After Taylor and Will left, the room calmed down a little bit. Caroline was stable and there was no one rushing in and out anymore. The hospital's Chaplin came and was so kind to us. He found me a pump and I remember sitting in the room all by myself with Caroline in her bed, pumping milk for two babies who couldn't drink it and being able to do nothing but cry. I couldn't think or pray or understand or plan or prepare. I had no control over the situation, I couldn't stop it from happening, I couldn't help my babies. All I could do was cry. After a while I was told that Caroline was going to spend the night on one of the hospital floors for monitoring, so I gathered all of our things and followed as my baby girl was pushed to her room. I didn't really know what to do once we were "dropped off." I couldn't pick her up, hold her or comfort her in any way. I just stared at her in disbelief. The nurse came in to help me hold her and try to give her a bottle (she was still eating some but was also getting fluids through an IV). That night I stayed with her while Taylor spent the night with Will. Around 2am I got to carry her to get a head ultrasound and I didn't know that when I put her down it would be the last time I would hold my baby girl for almost a month. My heat was broken and torn. I couldn't be with both of my babies and they, for the first time, were separated from each other. That night Will had a PICC line inserted and a head ultrasound like Caroline. They also both had blood platelet transfusions. In the morning, Caroline joined Will in the PICU and Will was intubated. 24-hours had gone by and even now I can't begin to describe how I was feeling. I don't know if it's cause I can't remember or if it's because I couldn't process it at the time. That morning I saw my little baby boy needing a machine to help him breath. He needed fluids through an IV because he couldn't eat and he needed blood transfusions because his body wasn't working properly. And no one knew why. Most doctors thought it was an infection, but unfortunately it could take days to weeks for some of the tests to come back. Some doctors thought maybe it was something metabolic or a genetic disease. Both babies were showing similar symptoms. They were fraternal twins, the pregnancy was healthy, there were no complications with the birth, so some type of infection seemed to make sense. Even so, we had no idea and and it was scary.

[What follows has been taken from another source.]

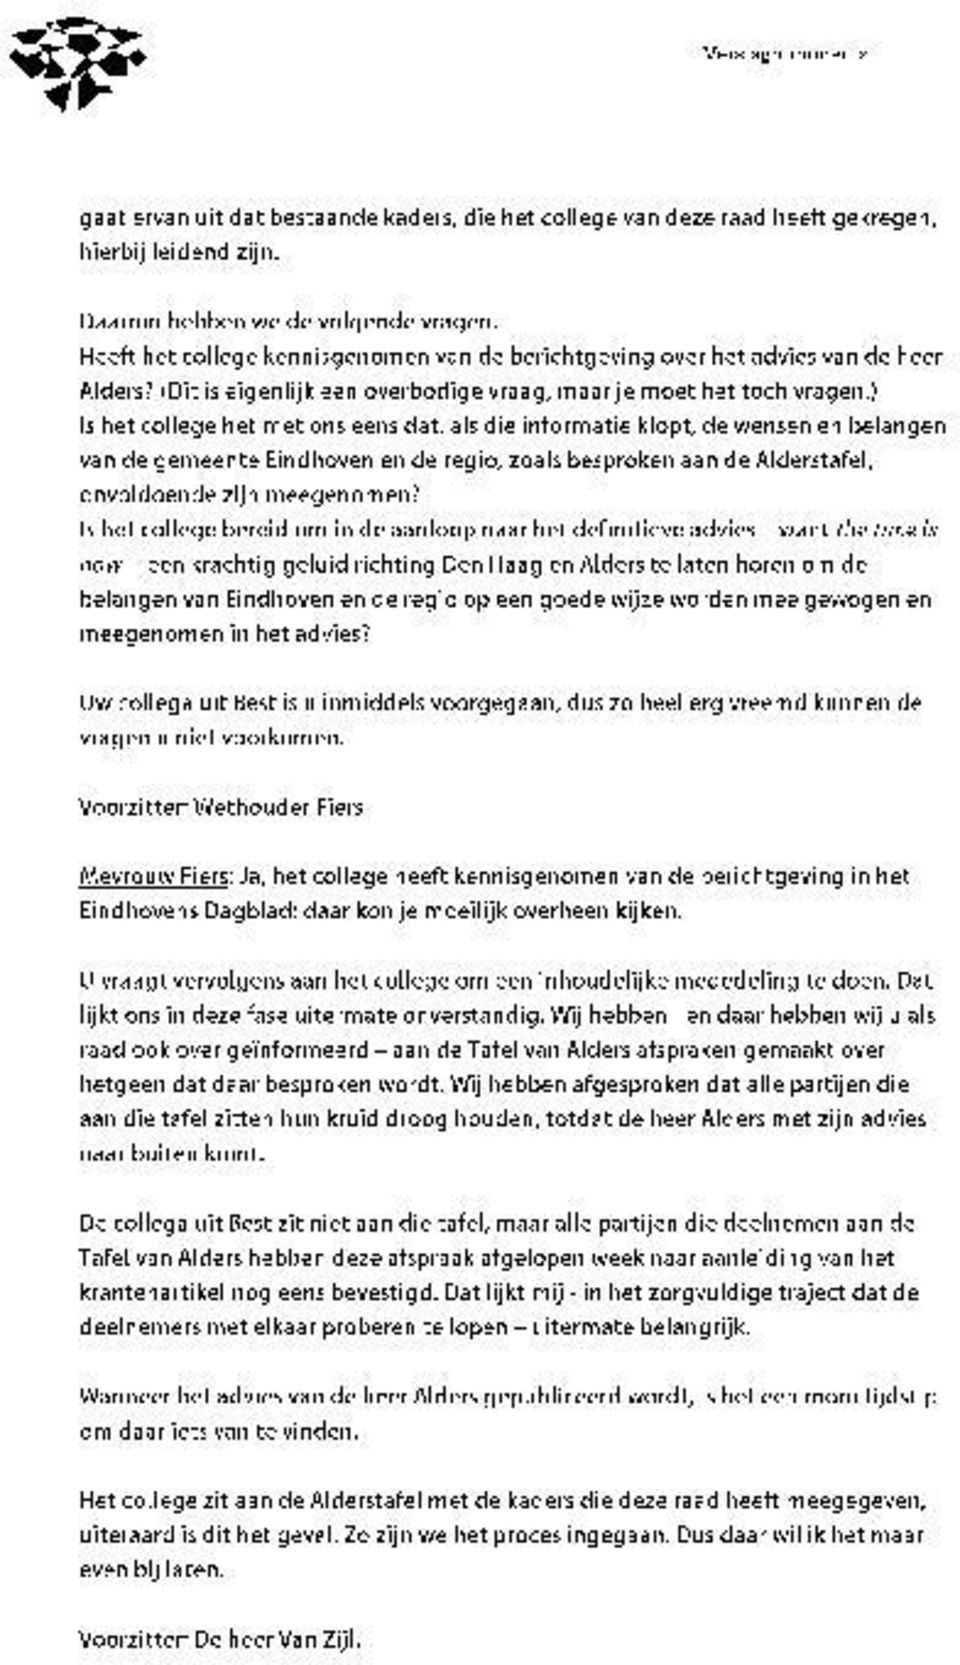 ) Is het college het met ons eens dat, als die informatie klopt, de wensen en belangen van de gemeente Eindhoven en de regio, zoals besproken aan de Alderstafel, onvoldoende zijn meegenomen?

Scary. If there is any word that could possibly describe my emotion it would be SCARED. Looking back on my text messages with my husband, that word stands out to me more than anything else from that first 24-hours. Multiple times I ended my text to Taylor with, "I'm scared." I was sacred that my babies were sick. I was scared of the unknown and uncertainty I was scared of not being in control. I was scared that my babies were in pain. I was scared that I couldn't help them. I was scared that I didn't know what to ask, I didn't know the medical terms, I didn't know the medications, the machines, the numbers. I was scared that no one knew why. I was scared that they would get worse. I was scared that they would die. I was so scared.
These are the last pictures that I took of Will and Caroline at home before we went to the ER.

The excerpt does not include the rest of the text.